In most koryū, teaching duty is either fully delegated (as in present Katori Shintō-ryū) and/or divided between many teachers who have received official permission to teach, some of whom are sometimes permitted to teach only a certain part of the curriculum. This permission is usually granted through a document, most often called a menkyo kaiden or "license of transmission", which certifies that the holder knows all the technical curriculum that can be taught or that he is qualified to teach (sometimes there are "secret teachings" or okugi that are only transmitted from sōke to sōke). Komagawa Kaishin-ryū however is unusual in that the only authorized teacher is the sōke himself. This means that in order to learn a technique or kata, you have to learn it from Kuroda Tetsuzan directly. This is in order to preserve the kata's original forms as best as possible. The same holds true for all ryū of which Kuroda sensei is the sōke.
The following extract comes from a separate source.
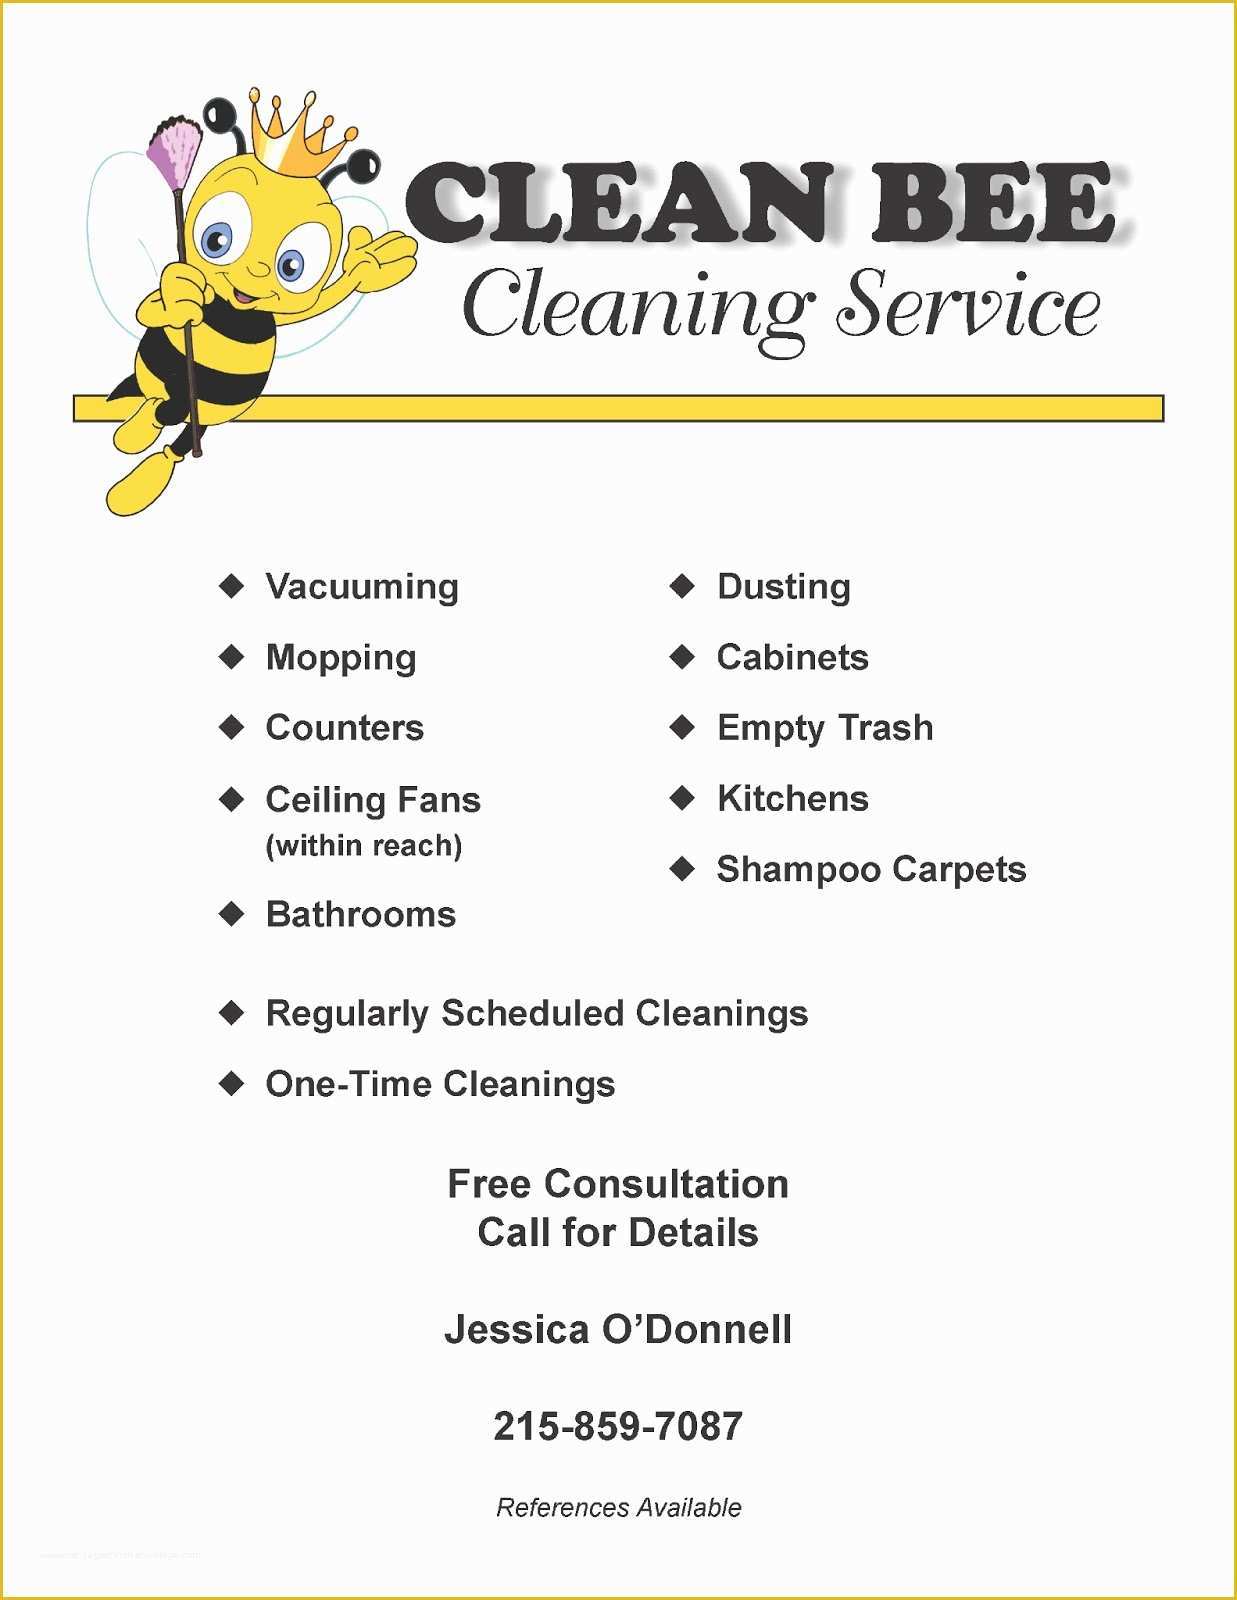 Cleaning Service Flyer Template Free Of Kitelinger Designs Cleaning Service Flyer

There is only one actual dōjō, the Shinbukan Kuroda Dojo (振武舘 黒田道場) in Saitama, although there are a total of six keikokai or practice groups around the world. Two of these are in Japan (Kami-itabashi in Tokyo and Amagasaki in Kansai), three in the United-States of America (San Antonio, Encinitas and Chicago) and one in France (Paris). The locations outside Japan are visited at least once a year. Kuroda sensei personally examines the candidacy of prospective students; enquiries should be made to the geographically closest practice group, excluding those in Japan.